I appreciate the civil tone of your piece. It is as though it arrived here from a time machine from very long ago. From a time when civil discussions and civil tone still existed....something that just hardly exists at all in America now.
I myself...mostly because of being pushed and harrassed to it...have become a militant supporter of abortion and abortion access... something which I was NOT previously.
Evangelical Christians might do well to ponder, and have the self-awareness to understand, that angry rhetoric bordering on hatred towards them, as well as a flight away from them and their values in general, has less to do with the world turning away from them, and more to do with THEM PUSHING US away.
Once upon a time, I was quite amenable to a compromise wherein there could be some restriction to access to abortions late in the term of pregnancy, as long as there was still allowance for legal access in the early stages, first 16 -18 weeks or so of pregnancy. A compromise between the interests, needs and concerns of both sides. Not a perfect solution, but a solution, and Roe walked that line.
Now, they (Christians) are enacting laws (I live in a State with such a law) that says, in effect, a 13-year-old impregnated by a rapist will be forced to carry to term that product of unspeakable violence. My fury over this has led me to uncompromising animosity and anger towards Pro-Life. I would like to think I have not yet succumbed to feeling "hatred" toward Pro-Life and Christians, as my religion (which is not Christian, but one of the other religions that do exist, something Christians might want to remember--that there ARE other religions) teaches that giving in to feeling "hatred" is the single greatest wrong one can commit, as it is a crime against oneself, and destroys oneself. Hatred is a poison that destroys the hater.
However....I have been pushed...shoved actually...so very close to "hatred" for those who would be so very cruel to women, and who show no respect for differing religious beliefs (I do not believe life begins at conception, and that is a religious concept that the soul enters the body then....It does not enter the body at conception in my religion, but I digress)

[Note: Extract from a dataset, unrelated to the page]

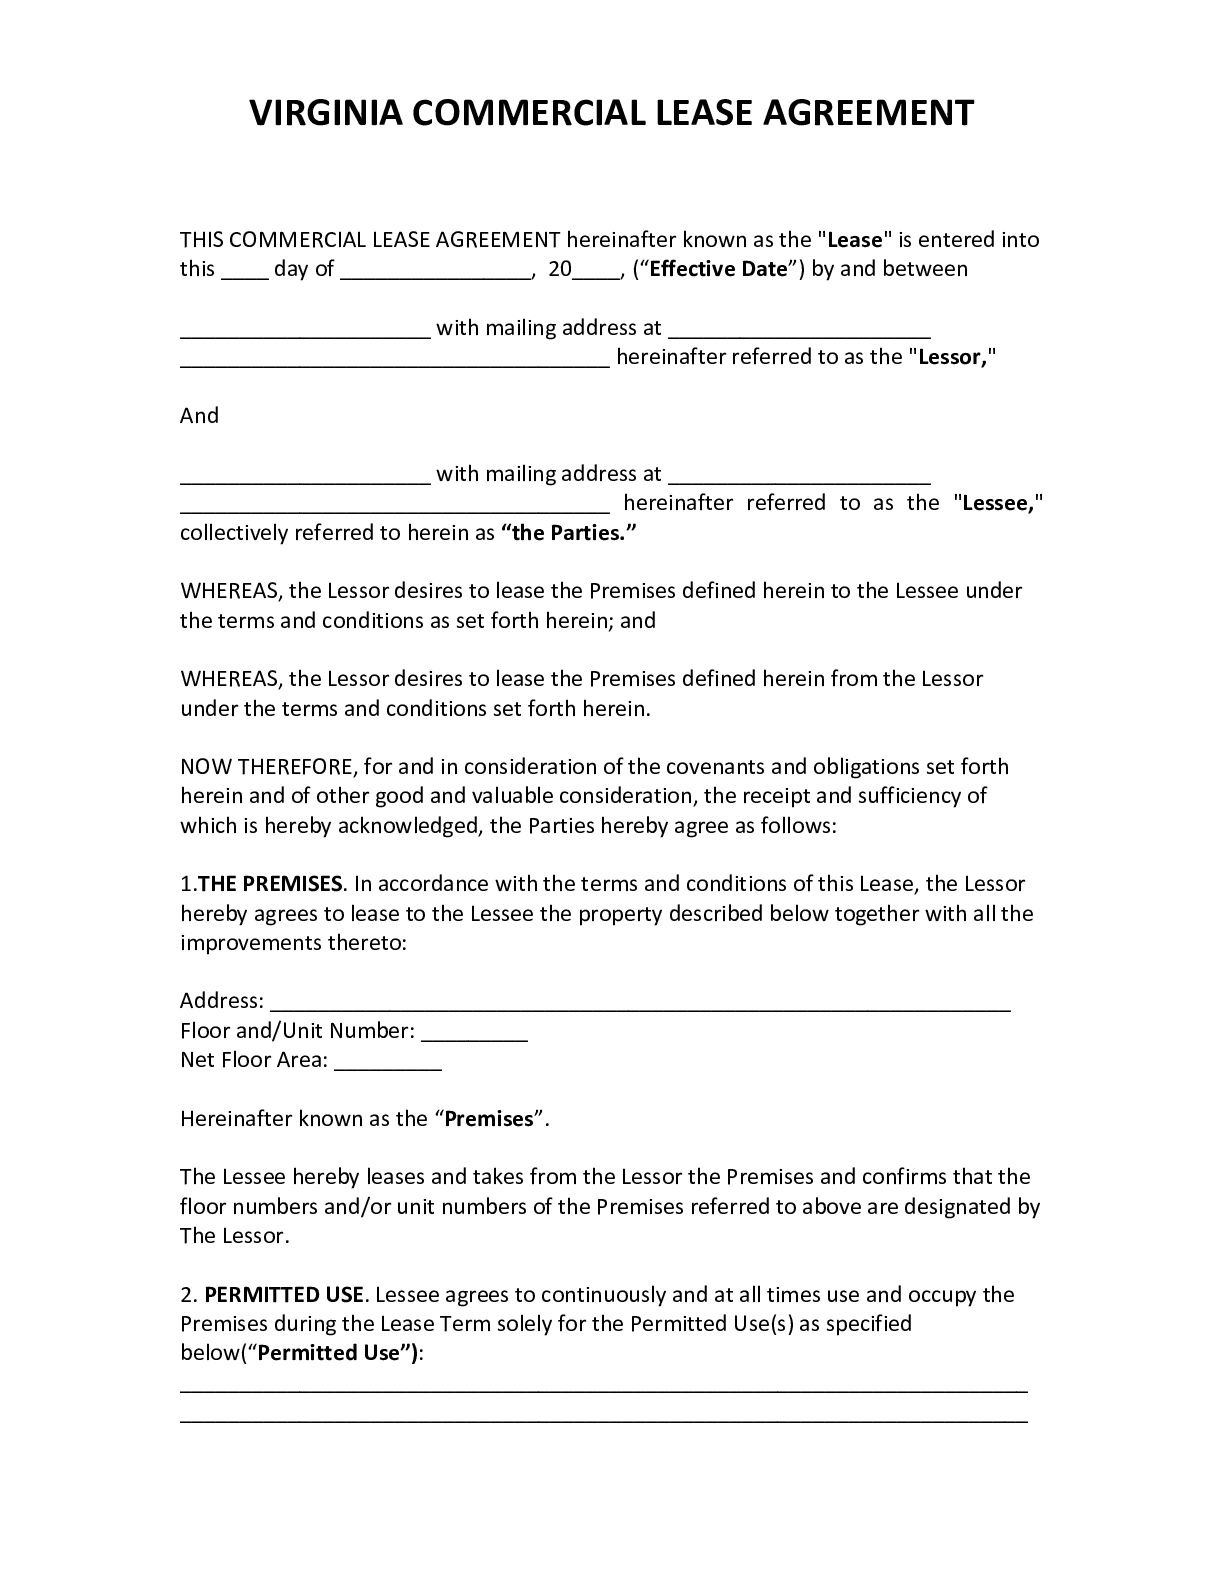 virginia-rental-lease-agreement-template-2023-pdf-doc

In any case, sorry to have made a speech here, but I did want, in the midst of the burning rage I have been wrestling with since the decision of the Supreme Court, want to take a breath and give a nod to you for speaking in a civil tone. In that respect...you are better than me...as I think that on the subject of abortion, I have lost the ability to be civil anymore and all I can do is scream. Literally, scream, at protests....I have another protest to go to now. And I will be at a protest on July 4th as well, since I do not feel like celebrating liberty, when I no longer have liberty, not liberty over my life, not liberty of control over what happens inside my body, and not liberty to pursue my own religion and live according to it. All of that has been taken from me....by Christians...They have pushed me away so hard, they can never bring me back to any compromise with them again. Sad to say...I wish I were a better person than that, and could forgive them. But I am only human.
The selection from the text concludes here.